Remember how we group the data by months earlier? What if we want to group data by the seasons (summer, autumn, winter, spring)? The process should be the same, but firstly we are required to specify what month belongs to what season. In Dremio, this can be done using the Replace Text feature. Go to the month_grouped *table, click on the arrow near the *month column, and select the Replace Text… section.

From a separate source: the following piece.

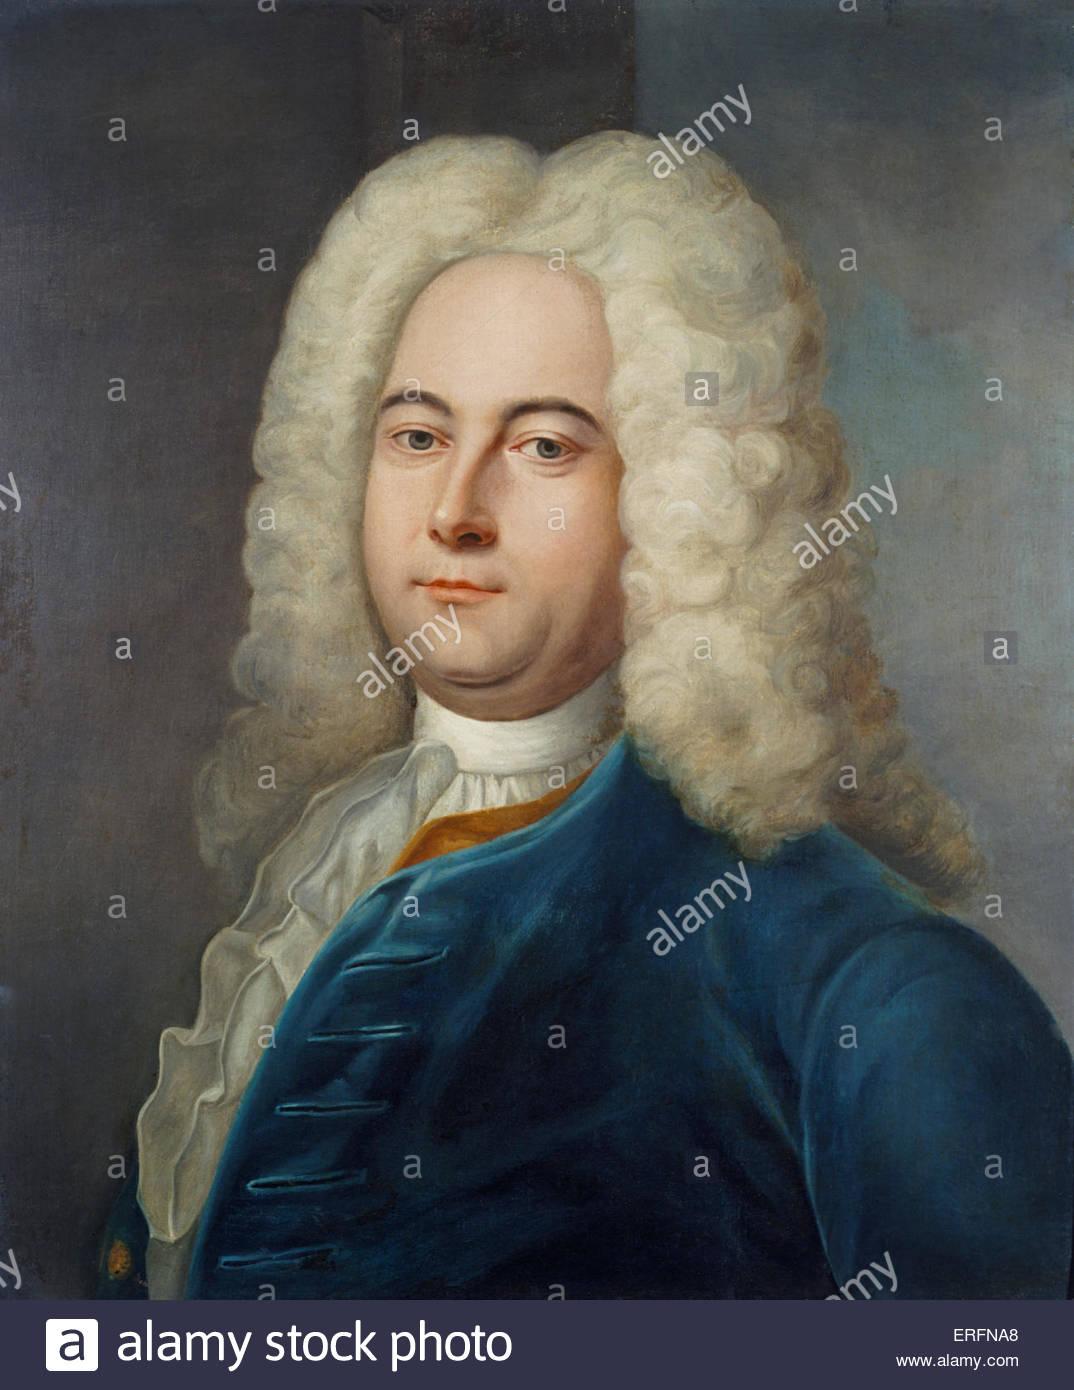 George Frideric Handel - dipinto di Denner, 1752. Frideric Handel, compositore tedesco-inglese: 23 Febbraio 1685 Immagini Stock
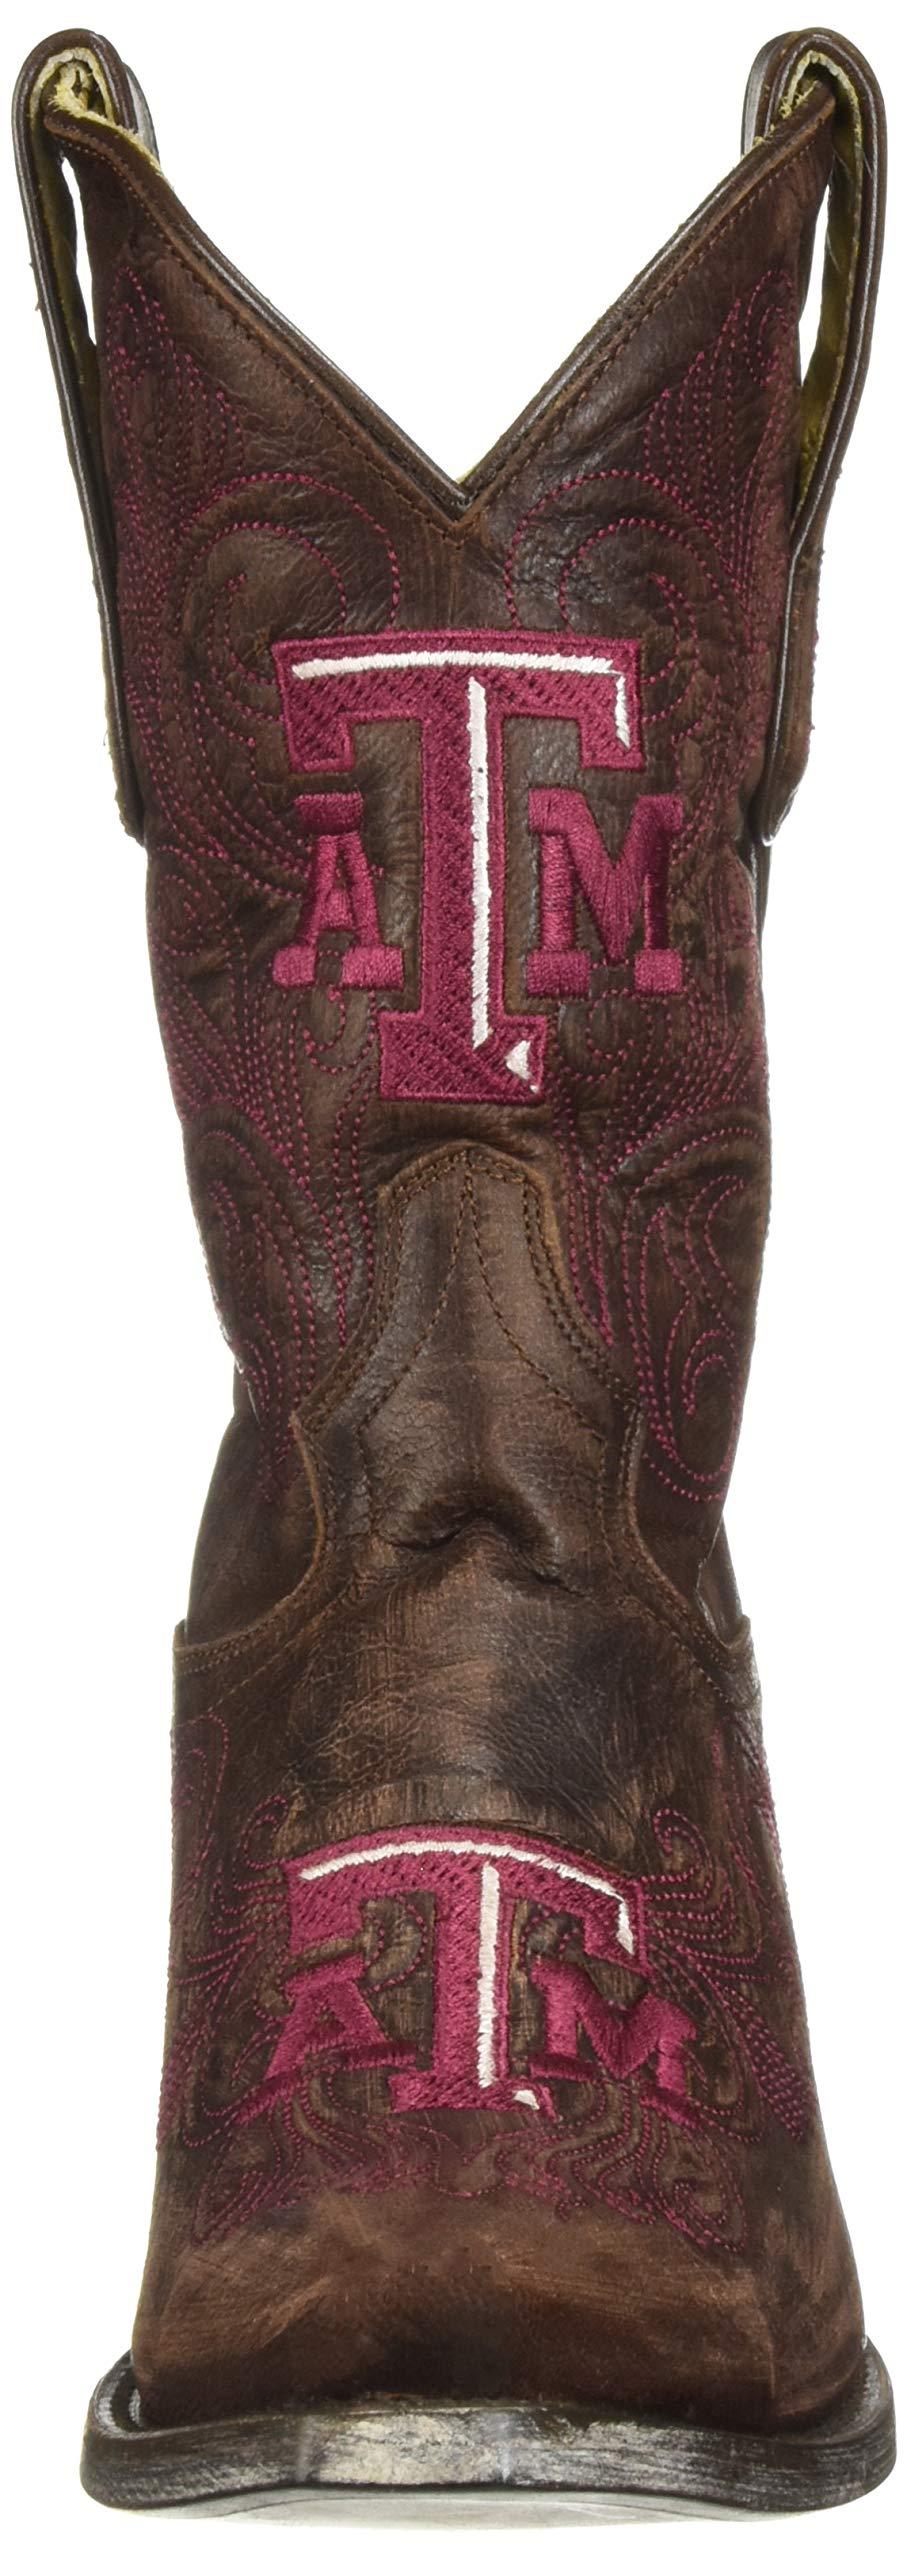 NCAA-Texas-A-amp-M-Aggies-Women-039-s-10-Inch-Gameday-Boot-Choose-SZ-color miniature 5

In the appeared window, you will be able to select values which you want to replace and the replacement value. For example, we can click on jun, jul, and aug values and enter summer as the replacement value. Similar actions should be done for all other months and seasons. After each season replacement, click Apply.

image alt text

The grouping is similar to that we performed earlier. We just added more measurements. The result is the following (seasons_grouped table):

image alt text

Our initial guess was confirmed: the most fires occur in autumn and summer. Both the total and average area of fires are the highest for autumn, the summer ranks second, the spring and winter comes next.

Conclusion

In this tutorial, we showed how the stream data can be analyzed with the help of Azure Event Hubs, Azure Stream Analytics, Azure Blob Storage, and Dremio. We created a data pipeline which used all these components on its flow. The data producer was a Python script which is similar to a real-world Python application generating live data. Events (messages) from the script were directed to the Azure Event Hubs, which in its turn, transferred them to Azure Stream Analytics. It takes the messages in the JSON format and then dumps them as batches into Azure Blob Storage using the parquet format. The Dremio acted as a final data consumer. It was connected to the Blob Storage to take the data and process it. What you can do with the data after its curation in Dremio is up to your needs.